◆ EXERCISE
Every line below from the one with "My neck my back" through the one with "Marienborn, Germany. 31st" should be retyped exactly, both ends included; no other lines and no pictures.

◆ ENTRIES SHOWN
Content starts

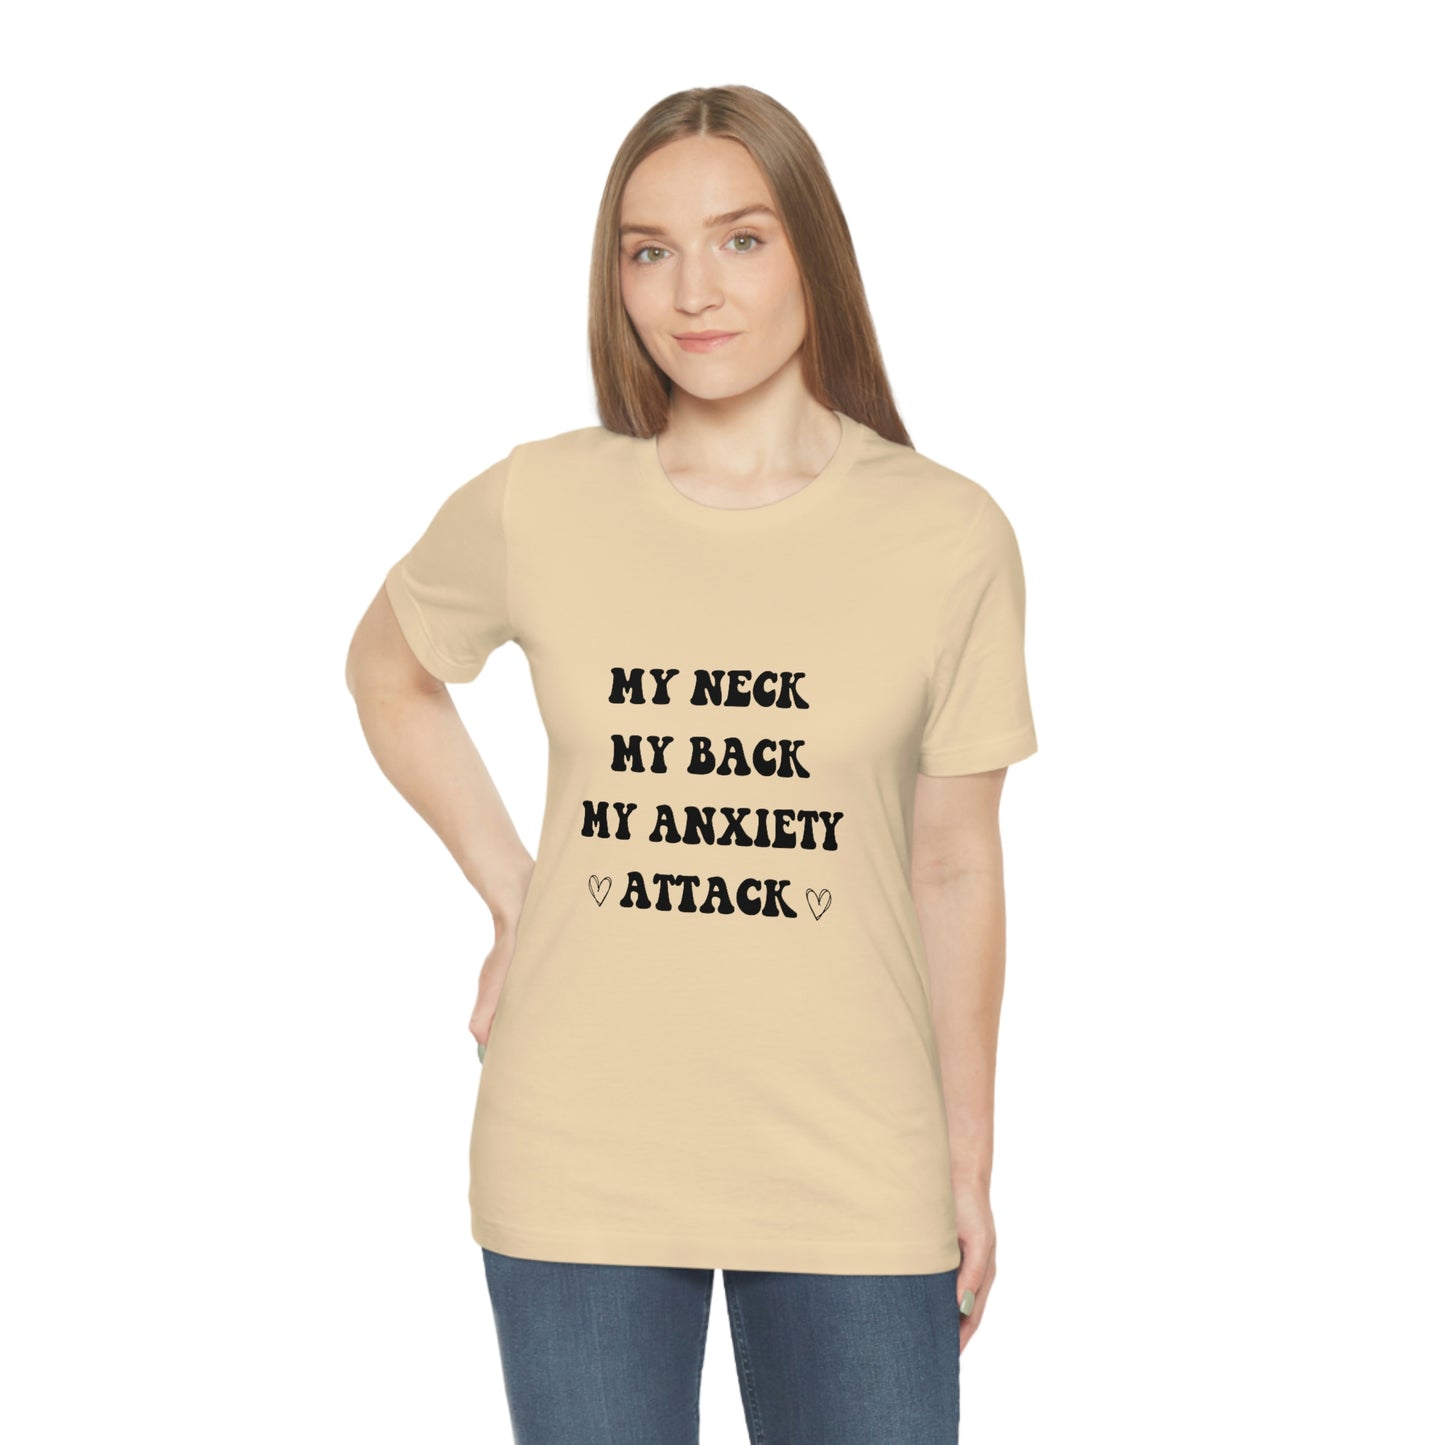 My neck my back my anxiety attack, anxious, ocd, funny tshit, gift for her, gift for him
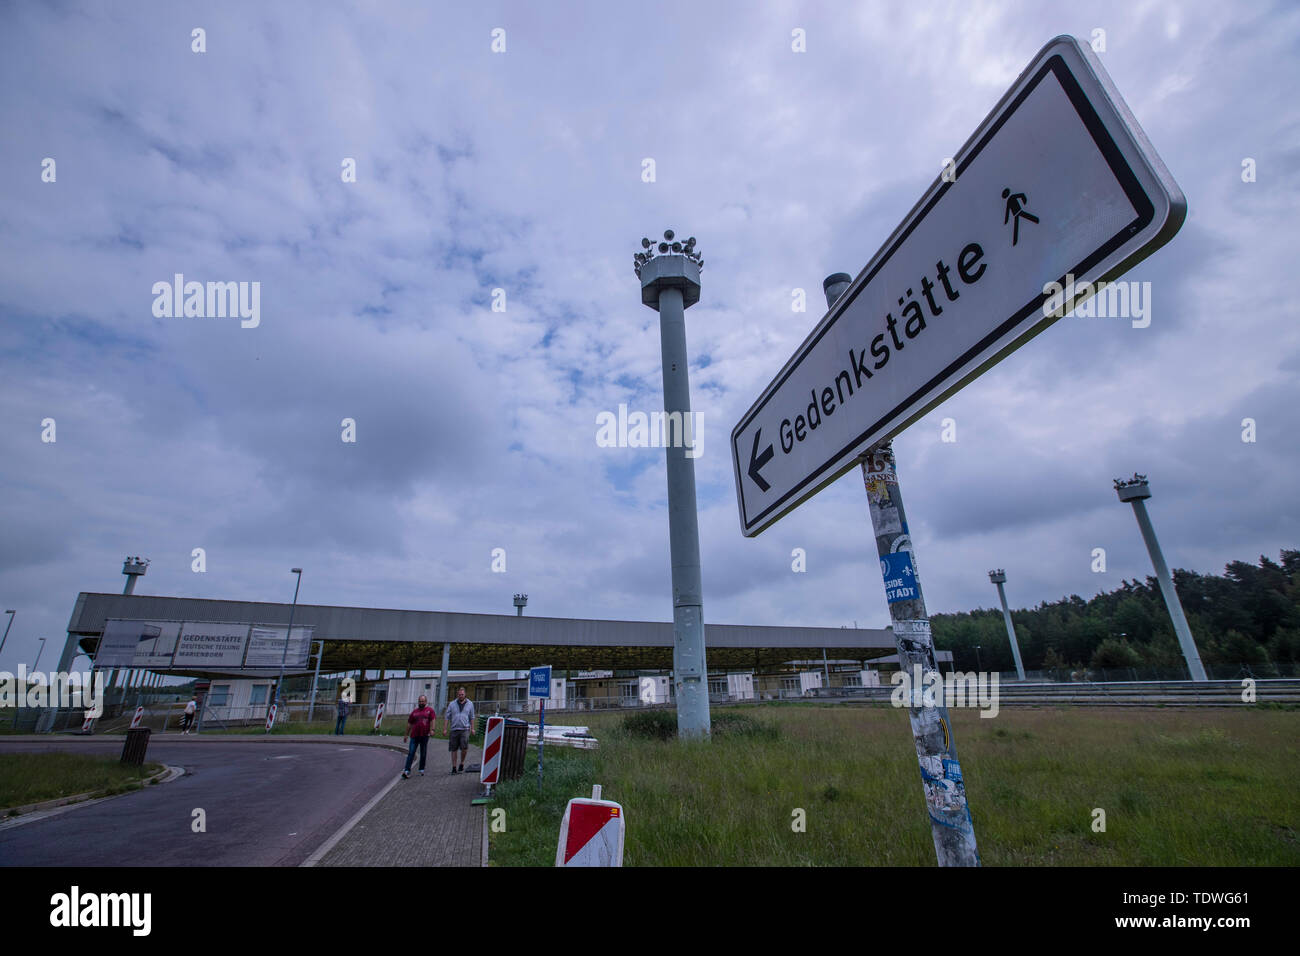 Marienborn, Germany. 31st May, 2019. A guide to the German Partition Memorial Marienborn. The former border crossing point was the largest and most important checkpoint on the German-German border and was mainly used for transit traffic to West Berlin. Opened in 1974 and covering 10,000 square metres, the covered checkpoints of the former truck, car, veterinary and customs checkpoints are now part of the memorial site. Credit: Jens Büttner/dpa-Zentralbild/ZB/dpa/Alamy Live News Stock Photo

Content ends
Content starts

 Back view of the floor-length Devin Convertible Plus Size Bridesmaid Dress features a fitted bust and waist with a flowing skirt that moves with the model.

Content ends

◆ ANSWER BOX
 My neck my back my anxiety attack, anxious, ocd, funny tshit, gift for her, gift for him
 Marienborn, Germany. 31st May, 2019. A guide to the German Partition Memorial Marienborn. The former border crossing point was the largest and most important checkpoint on the German-German border and was mainly used for transit traffic to West Berlin. Opened in 1974 and covering 10,000 square metres, the covered checkpoints of the former truck, car, veterinary and customs checkpoints are now part of the memorial site. Credit: Jens Büttner/dpa-Zentralbild/ZB/dpa/Alamy Live News Stock Photo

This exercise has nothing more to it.